Routers used in fronthaul applications must comply to new specifications for greater timing accuracy including ITU-T G.8262.1 for SyncE and ITU-T G.8273.2 Class C for PTP to satisfy RAN synchronization requirements. Using routers with built-in GNSS receivers and PTP grand master capability saves the expense of provisioning additional grand-master timing devices in the network.
Supporting the race to 5G
Mobile service providers are racing to offer enhanced mobile broadband services to customers and have them upgrade to 5G devices. Enterprises and public sector entities are embracing digital transformation based on intelligent sensors and networked equipment, driving demand for 5G-based IoT services. As new services are adopted, end users and their applications will demand increasing amounts of bandwidth and options such as low latency.

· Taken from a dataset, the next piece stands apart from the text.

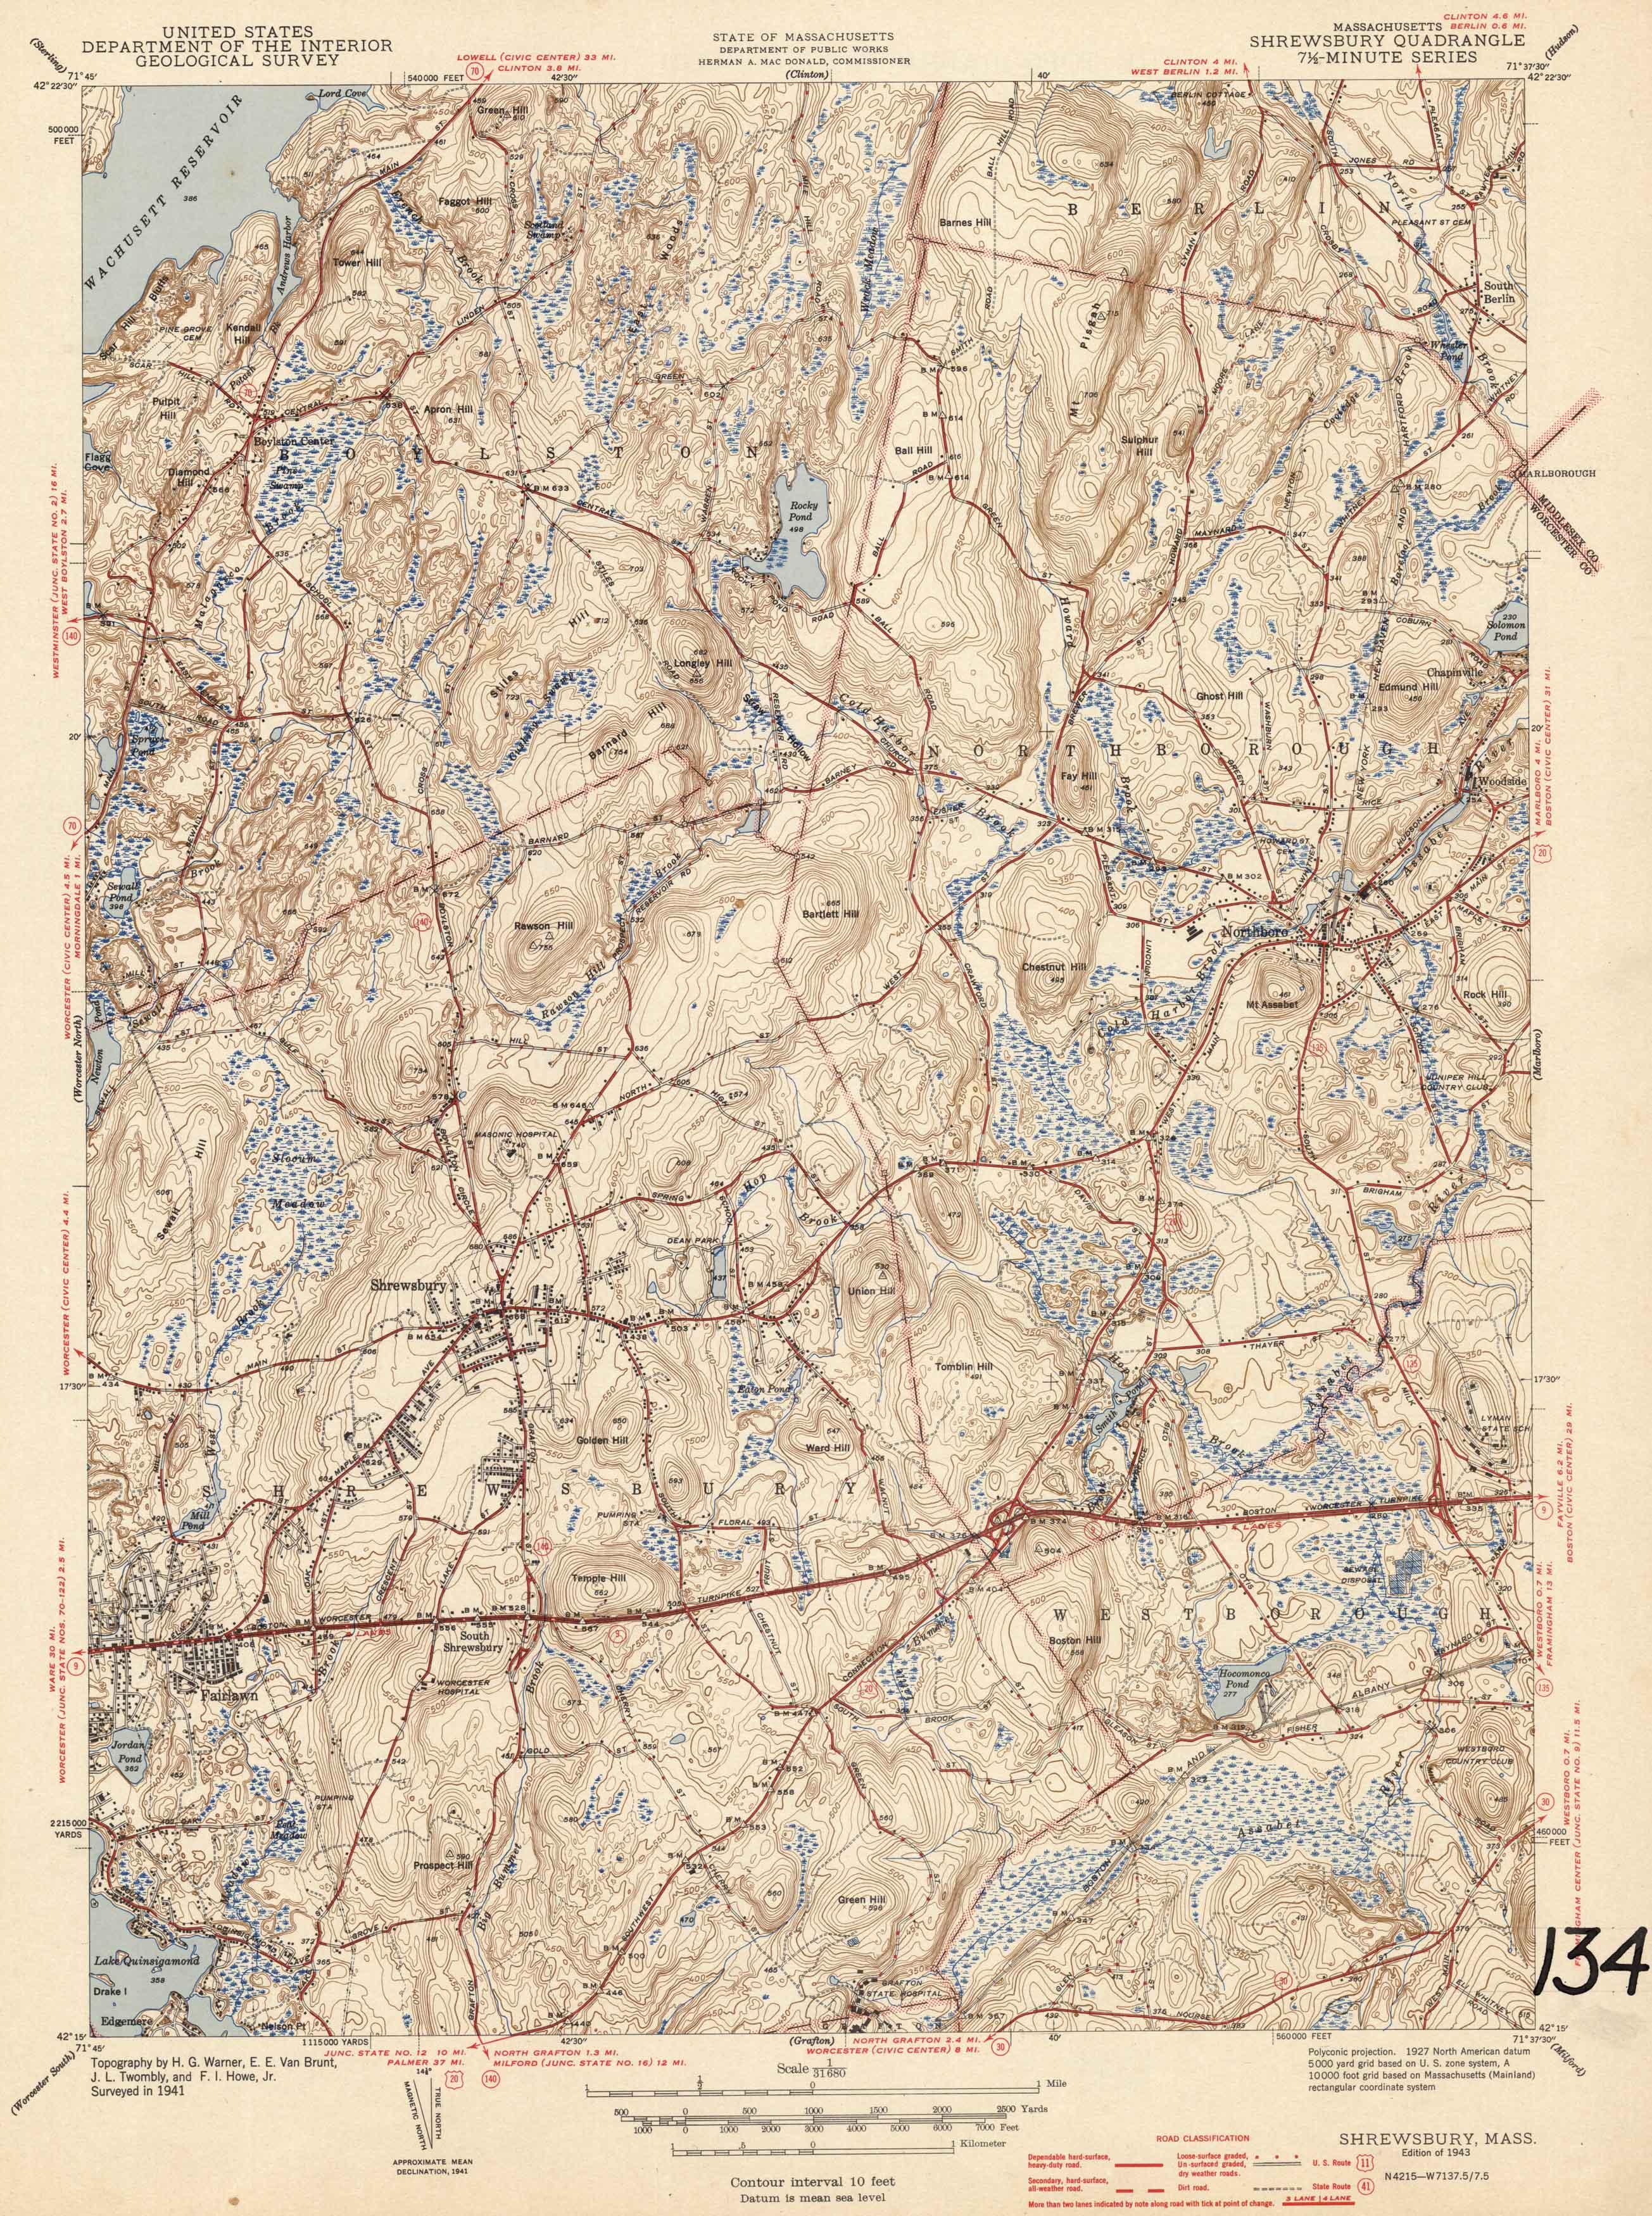 U.S. Geologic Survey 1943 Map of Shrewsbury, Massachusetts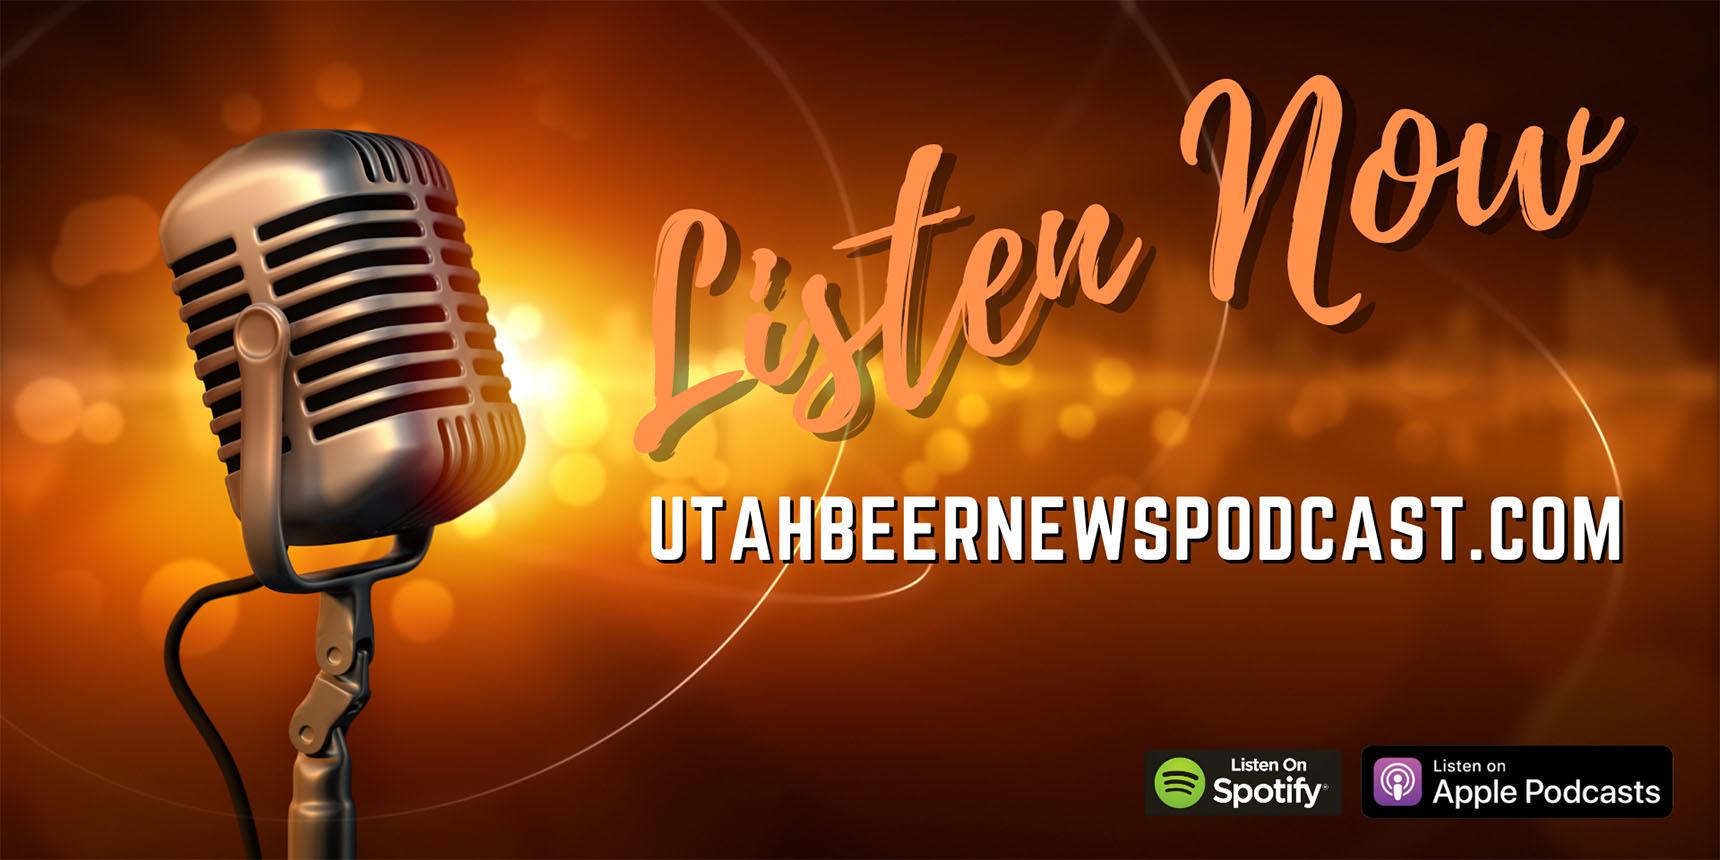 Utah Beer News Podcast

A C-RAN architecture combined with edge cloud networking allows MNOs to share assets while offering an enhanced 5G experience to their end customers. Centralization also provides CAPEX and OPEX savings and provides a path to vRAN and future O-RAN architectures.
To keep up with the additional radio capacity, MNOs need to upgrade their mobile transport networks to support growing bandwidth demands and enable these RAN architecture changes. Latency and synchronization are important considerations that must be addressed in the IP transport network.
In the end, implementation options are varied, and one size does not fit all. A well-designed transport network will be key to the successful rollout of new 5G services and customer retention in a competitive marketplace.